Sebagaimana Tuanku Imam Bonjol, Tuanku Tambusai di zaman Orde Baru diangkat sebagai Pahlawan Nasional. Berdasarkan catatan panitia yang mengusulkan gelar pahlawan nasional untuk Tuanku Tambusai, Datu Bange dianggap sebagai perampok yang sering membuat kekacauan. Hal ini disanggah Basyral dengan kesal bahwa; “Itu sama sekali tak benar. Datu Bange merupakan raja paling karismatik di Padang Lawas. Sebelum kaum Paderi masuk pun, warganya telah memeluk Islam,” ungkap Basyral.

Namun, hal yang diungkapkan Basyral disanggah oleh Prof. Drs. Suwardi, MS pada seminar Sejarah Perang Paderi 1803-1838 di Gedung Arsip Nasional Republik Indonesia (ANRI) pada tanggal 22 Januari 2008, melalui makalahnya yang berjudul “Pandangan Masyarakat Melayu Riau Terhadap Kontroversi Buku Tuanku Rao Karya M.O. Parlindungan dan Greget Tuanku Rao Karya Basyral Hamidy Harahap Tentang Kepahlawanan Tuanku Imam Bonjol & Tuanku Tambusai”.

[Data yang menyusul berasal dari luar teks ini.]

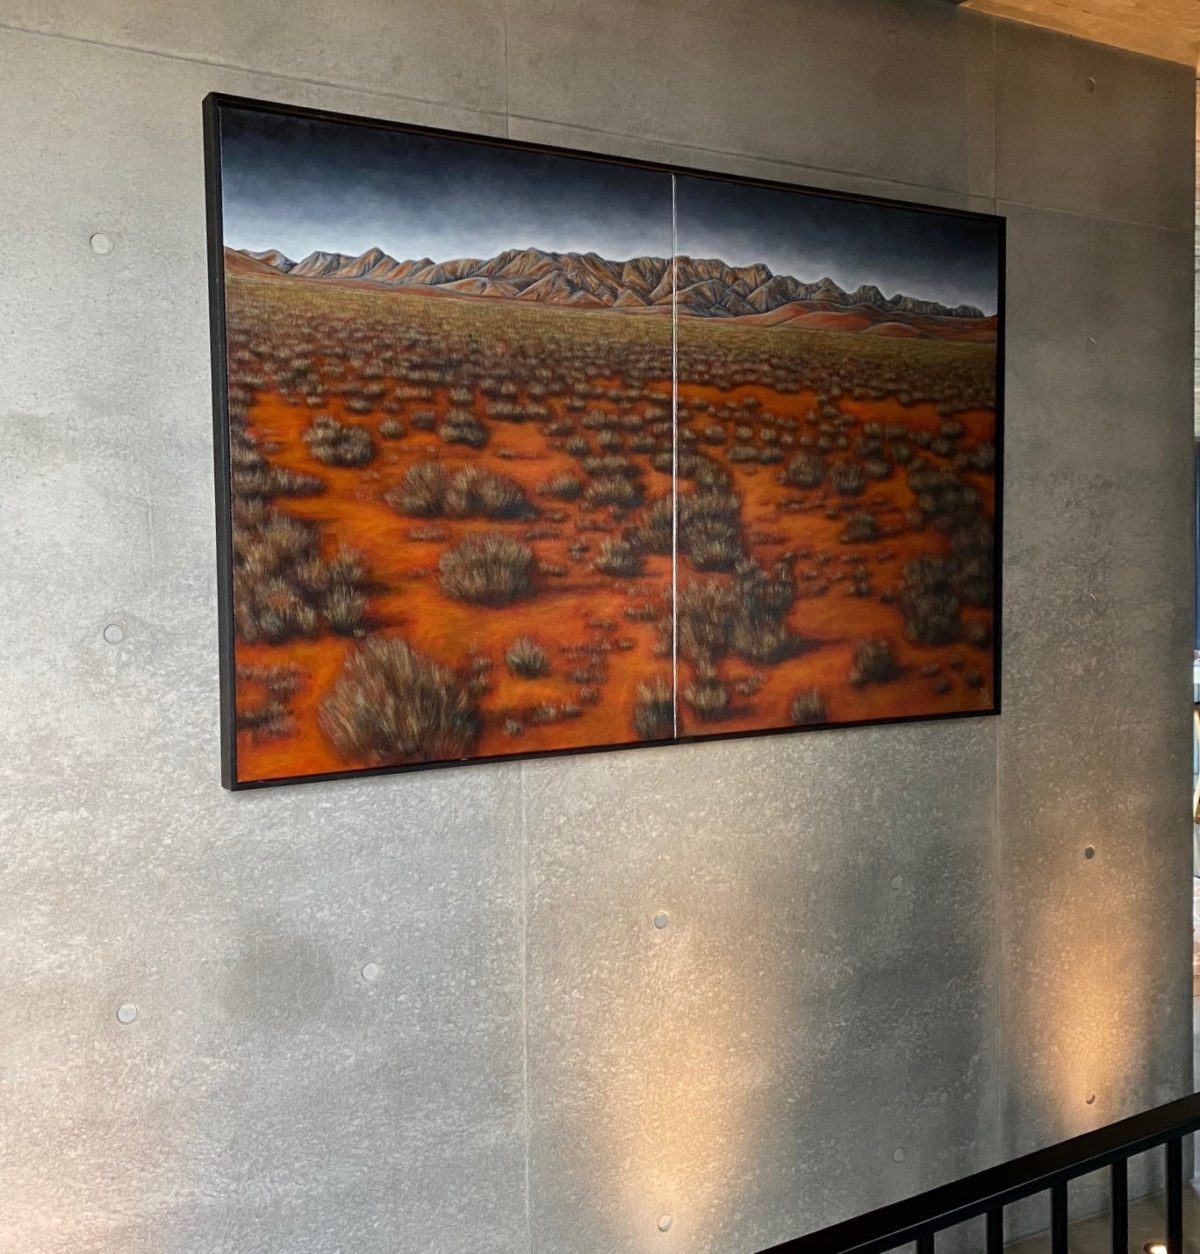 Sydney based provider of civil works and construction enhances office with fine art
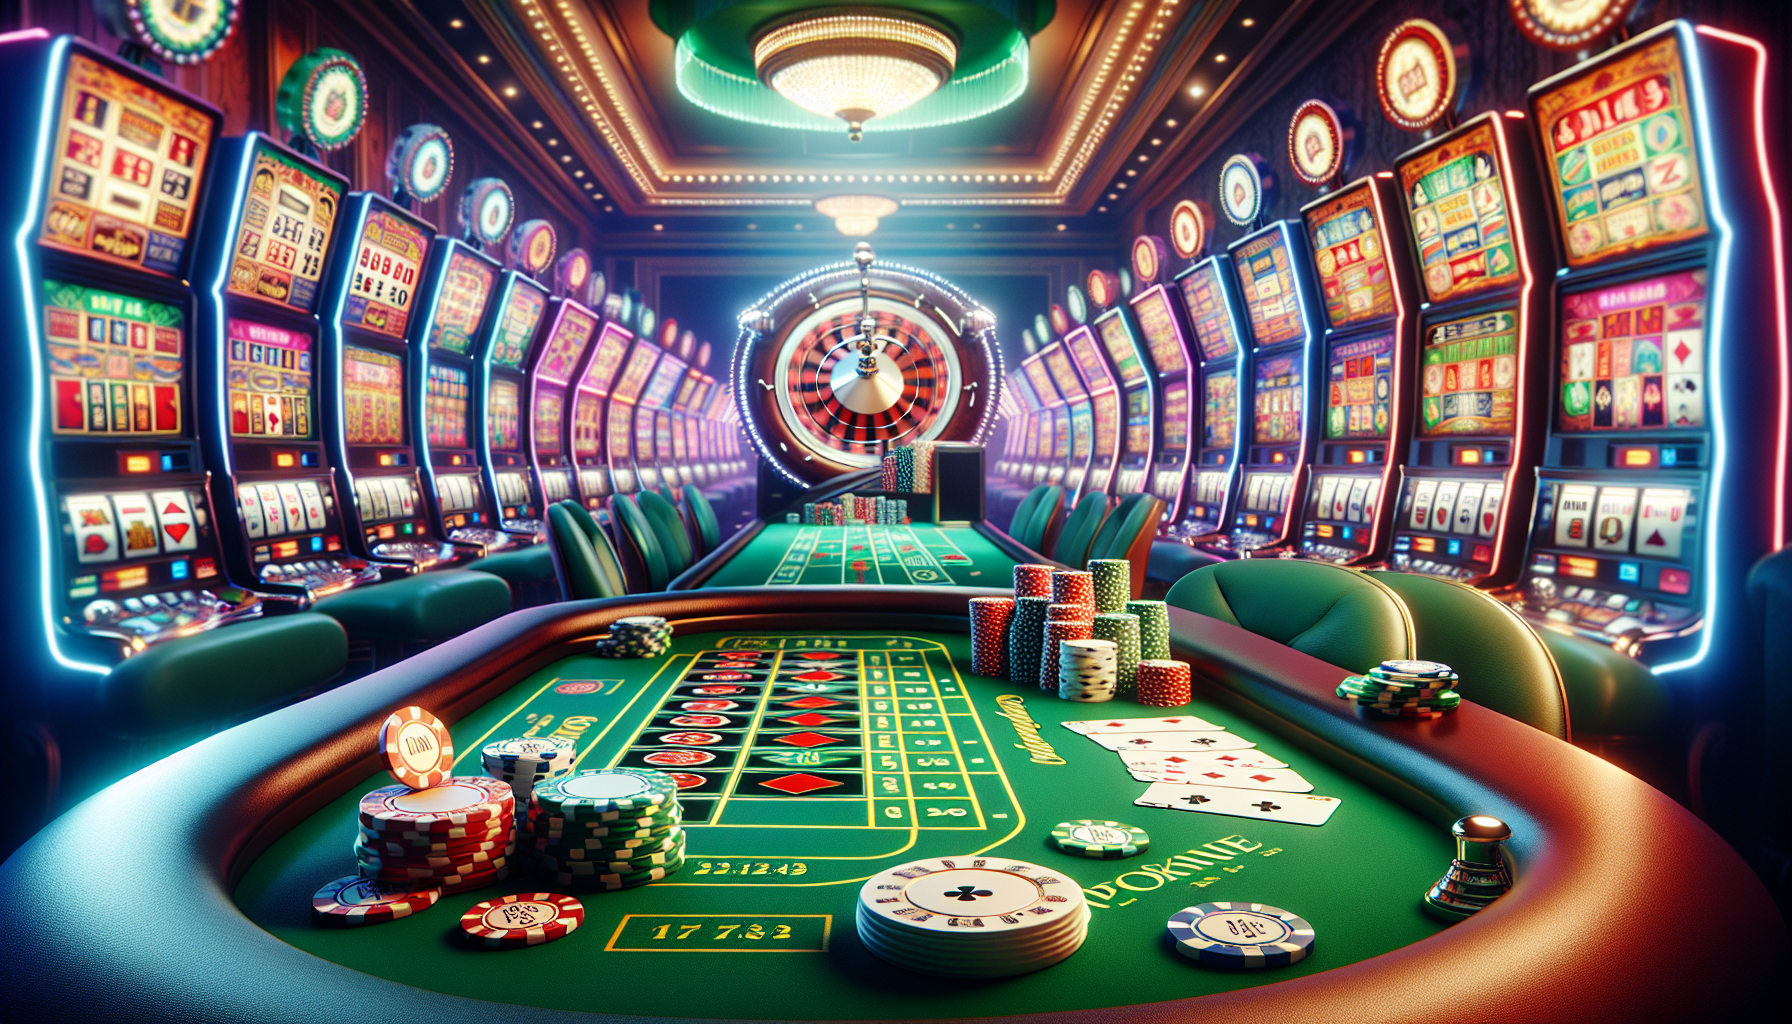 Exciting real money casino games

Hal yang disanggahnya adalah antara lain  bahwa gelar Tuanku Tambusai bukanlah merupakan gelar dari Hamonangan Harahap seperti yang diungkapkan M.O. Parlindungan melainkan bahwa Tuanku Tambusai semula lebih dikenal dengan nama Muhammad Shalih. Selanjutnya apa yang diungkapkan Basyral menurut Suwardi adalah fitnah dengan mengungkapkan apakah mungkin seorang penganut Islam yang taat hasil didikan kota suci Mekkah tega membunuh orang yang tak berdosa? Dimana-mana Islam selalu disebarkan dengan damai bukan dengan pedang sebagaimana dituduhkan. Hal ini berbeda tentunya dengan kedatangan bangsa Eropa ke Nusantara dengan membawa misi yang menghalalkan segala cara. Demikian sebagaiman diungkapkan oleh Prof. Drs. Suwardi, MS dalam sanggahannya.

Kontroversi di atas masih belum selesai hingga saat ini. Berbagai kalangan mengungkapkan bahwa kini masih diperlukan adanya suatu penelitian yang lebih komprehensif dan obyektif mengenai masalah ini. Tujuan Basyral adalah mendorong orang untuk menulis lebih banyak dan lebih baik lagidan menganjurkan agar siapapun untuk mencari bukti-bukti kemudian menuliskannya.



Semoga Dapat Bermanfaat bagi anda semua ,dan menambah pengetahuan anda,
Sampai Jumpa Pada artikel Selanjutnya.

===================================BYE=================================

robby cahyando

Phasellus facilisis convallis metus, ut imperdiet augue auctor nec. Duis at velit id augue lobortis porta. Sed varius, enim accumsan aliquam tincidunt, tortor urna vulputate quam, eget finibus urna est in augue.